For an extreme example, consider SERE (Survival, Evasion, Resistance, and
Escape) training. This is an extensive course intended to prepare personnel
for everything that can go wrong behind enemy lines--how to survive off the
land when separated from friendly forces (downed aircrews, for instance), how
to evade capture, and what to do when one is actually captured (the
"resistance" and "escape" portions). While the early portions of the course
cover comparatively "fun" subjects, the later portions involve being subjected
to captivity and abuse. The intent is to train people to resist torture and
escape from enemy POW camps.

------
jsm386
HBO's Hard Knocks is about as candid a look that you can get about the
experience the writer describes.
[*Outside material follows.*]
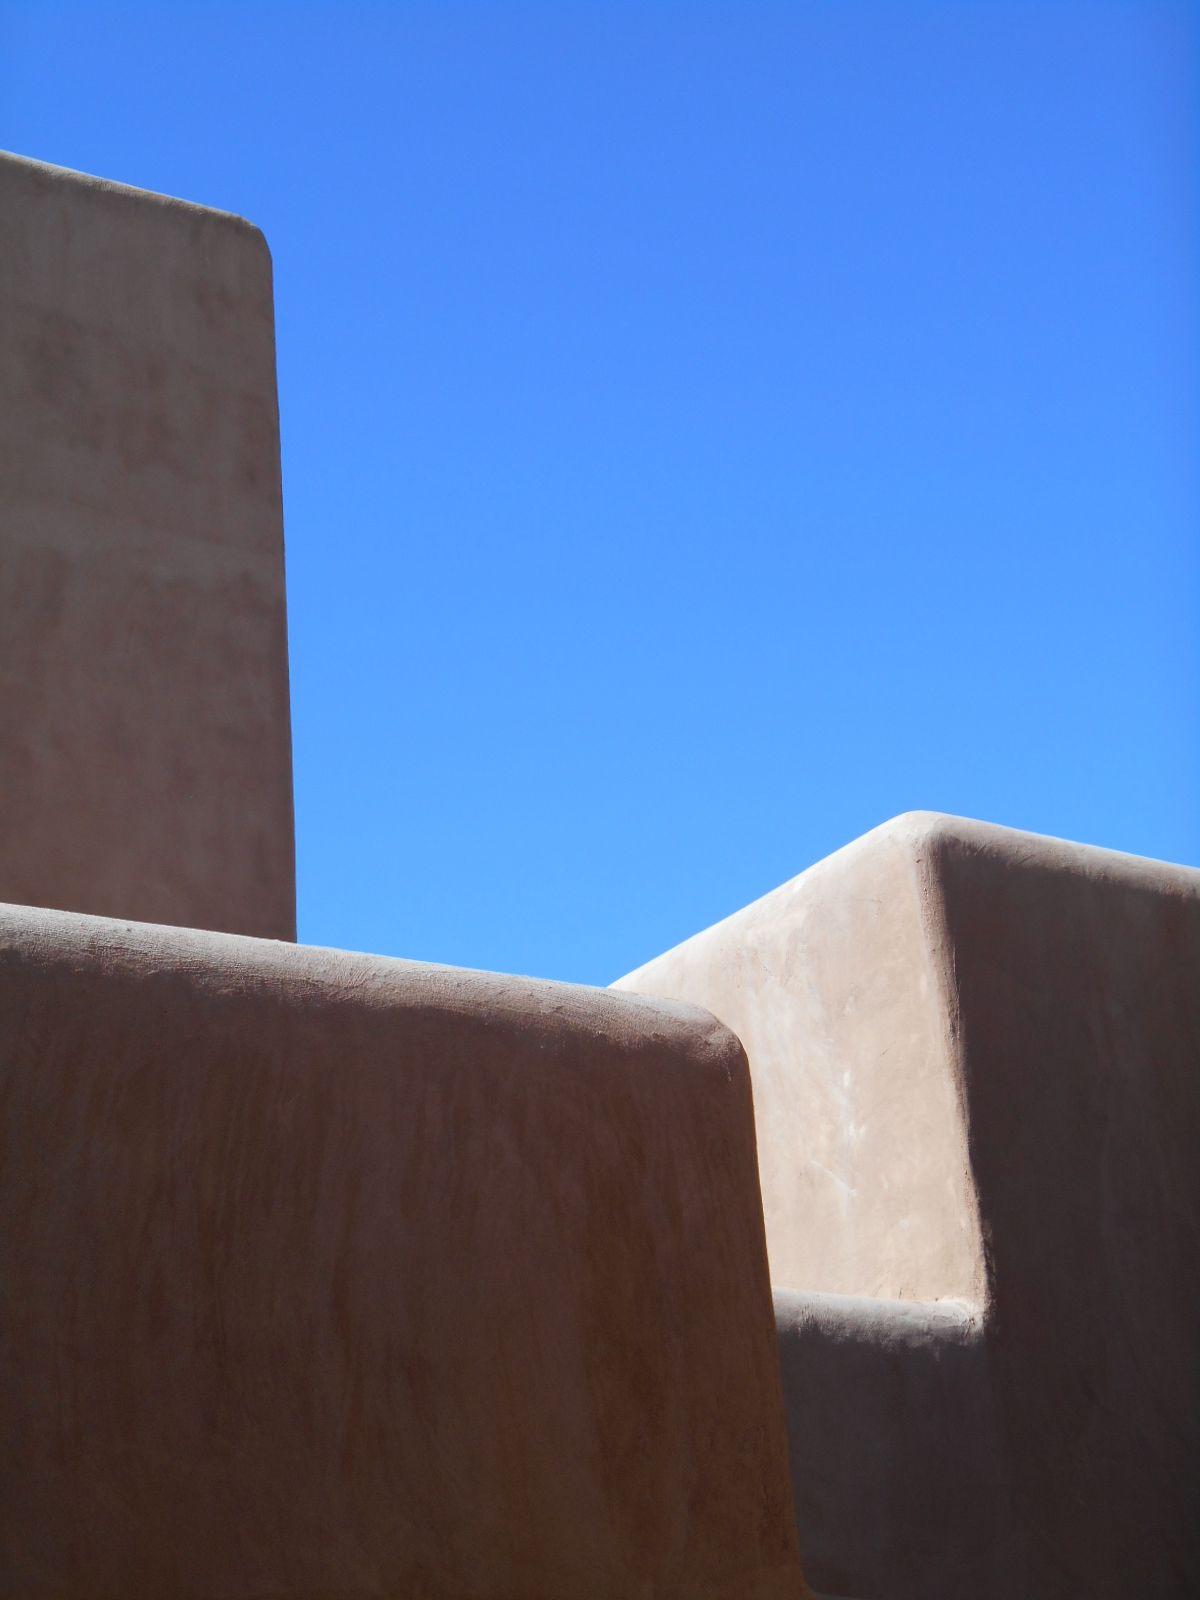 Detalle en Santa Fe NM EEUU Fotografia ARQ: LUCIA GARZON

This season with the Jets was particularly
interesting - management dealing with a holdout of possibly the best defensive
player in the NFL, what to do about a veteran who inspires and mentors the
younger player who will replace him...very soon, if not this season, and the
glimpse of everything the writer experienced. You see week after week players
on that bubble - will they make it, do they ever have a chance, can they prove
themselves. As reality television goes (granted a damn low standard) it is
impressive.

------
nkassis
One of my High School coaches loaned me this book by Jerry Kramer:
[http://www.amazon.com/Instant-Replay-Green-Diary-
Kramer/dp/0...](http://www.amazon.com/Instant-Replay-Green-Diary-
Kramer/dp/0385517459/ref=sr_1_1?ie=UTF8&s=books&qid=1284000553&sr=8-1#reader_0385517459)

It's interesting to see how these players experience such highs and lows
during a season, they often get to the point where they would just quit but
somehow manage to keep going. Great motivational book.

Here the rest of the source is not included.